The command emits JSON so that the structured data can be used to report timings to databases for performance tracking.

(lldb) target metrics
{

"firstStopTime": 0.33988644499999998,
"launchOrAttachTime": 0.31808012899999999,
"targetCreateTime": 31.168737819,
"totalBreakpointResolveTime": 6.6650758780000006,
"totalDebugInfoIndexTime": 0,
"totalDebugInfoParseTime": 4.2728297900000118,
"totalDebugInfoSize": 6581323413,
"totalSymbolTableIndexTime": 17.815137097000008,
"totalSymbolTableParseTime": 12.261250563000004

}

With no options we report some timings at the top level:

"launchOrAttachTime" is the time it takes from the time launch or attach is started, to when we hit our first private eStateStopped state
"firstStopTime" is the time it takes to stop at our first public stop. This time only has meaning if you run your program to a known breakpoint and want to compare timings with new versions of LLDB. This is because your program might not stop at a breakpoint right away unless a targetted breakpoint has been set for measuring.
"targetCreateTime" is the time it takes to set the main executable in the target and all dependent shared libraries. This time will include the symbol preloading if symbol preloading is enabled. This time can help is measure how long it takes to parse the symbol tables, index the symbol tables, and index the debug info along with any debug info parsing that might be required.
"totalBreakpointResolveTime" is the time it took to resolve any breakpoints that were set. If you specify the "--breakpoints" or "-b" option, you can get a breakdown of resolve time on a per breakpoint level.
"totalDebugInfoIndexTime" is the time it took to index the debug information for all current modules in the target.
"totalDebugInfoParseTime" is the time it took to parse the debug information for all current modules in the target.
"totalDebugInfoSize" is the sum of all debug information sections from all object files in the module.
"totalSymbolTableIndexTime" is the time it took to parse the symbol tables for each object file in all modules.
"totalSymbolTableParseTime" is the time it took to index the symbol tables for each object file in all modules.

Adding the "--modules" options will include a top level "modules" array that contains full details on each module, breaking down the debug info parse/index times and size, symbol table parse/index times along with enough info to identify the module (path, triple, uuid).

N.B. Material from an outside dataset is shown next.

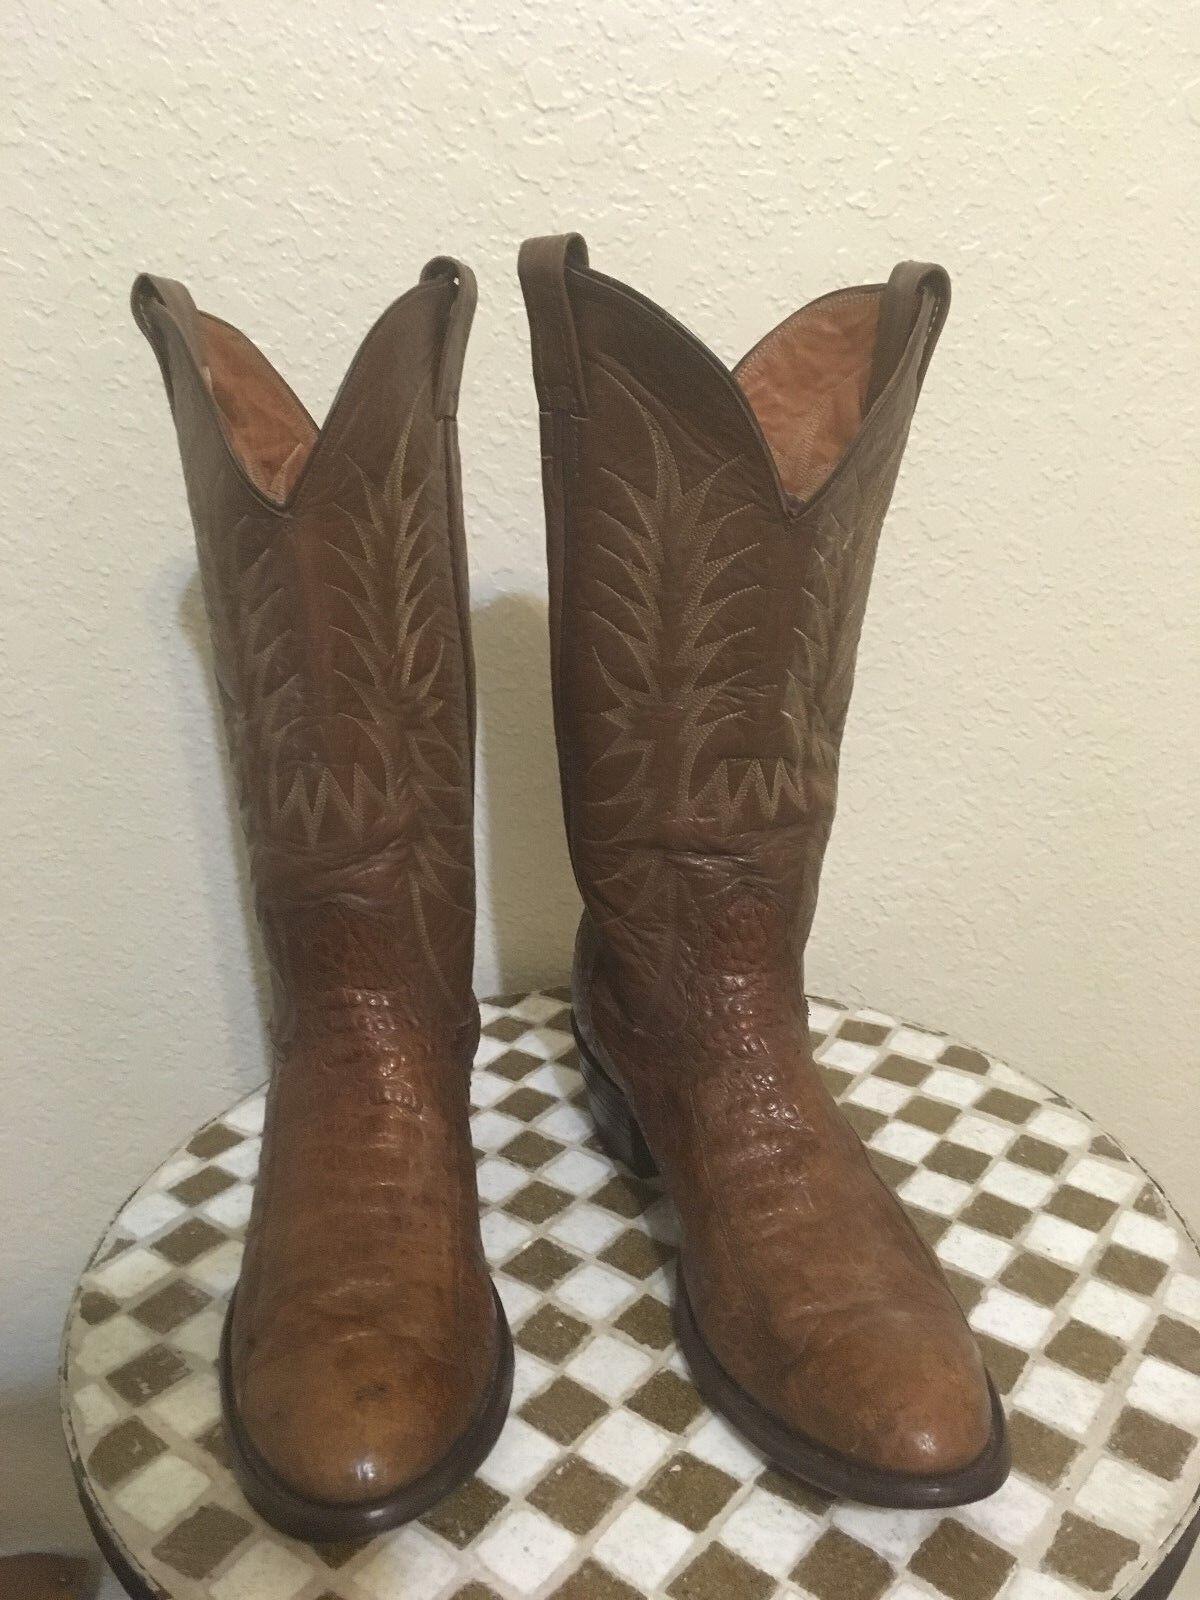 Marrón NOCONA Western Trail Boss botas de vaquero 11 D

(lldb) target metrics --modules
...

"modules": [
  {
    "debugInfoIndexTime": 0,
    "debugInfoParseTime": 0.054413763000000004,
    "debugInfoSize": 18118626,
    "path": "/Users/gclayton/Documents/src/lldb/main/Debug/bin/lldb",
    "symbolTableIndexTime": 0.22065103899999999,
    "symbolTableParseTime": 0.138976874,
    "triple": "x86_64-apple-macosx11.0.0",
    "uuid": "F59B8D3F-67B1-35EC-A1AA-E0ABB5CB3601"
  },
  {
    "debugInfoIndexTime": 0,
    "debugInfoParseTime": 0,
    "debugInfoSize": 0,
    "path": "/usr/lib/dyld",
    "symbolTableIndexTime": 0.01367178,
    "symbolTableParseTime": 0.0093677970000000006,
    "triple": "x86_64-apple-macosx11.6.0",
    "uuid": "0CC19410-FD43-39AE-A32A-50273F8303A4"
  },
  {
    "debugInfoIndexTime": 0,
    "debugInfoParseTime": 4.2184160270000115,
    "debugInfoSize": 6563204787,
    "path": "/Users/gclayton/Documents/src/lldb/main/Debug/bin/LLDB.framework/Versions/A/LLDB",
    "symbolTableIndexTime": 17.112896844000002,
    "symbolTableParseTime": 11.240680348,
    "triple": "x86_64-apple-macosx11.0.0",
    "uuid": "CB1763B7-BB3D-38A1-AB32-237E59244745"
  },

Adding the "--breakpoints option will include details on all breakpoints including the breakpoint ID, individual resolve time, and "details" which contains the serialized breakpoint settings that were already built into each breakpoint, so we can know the exact details of how a breakpoint was set.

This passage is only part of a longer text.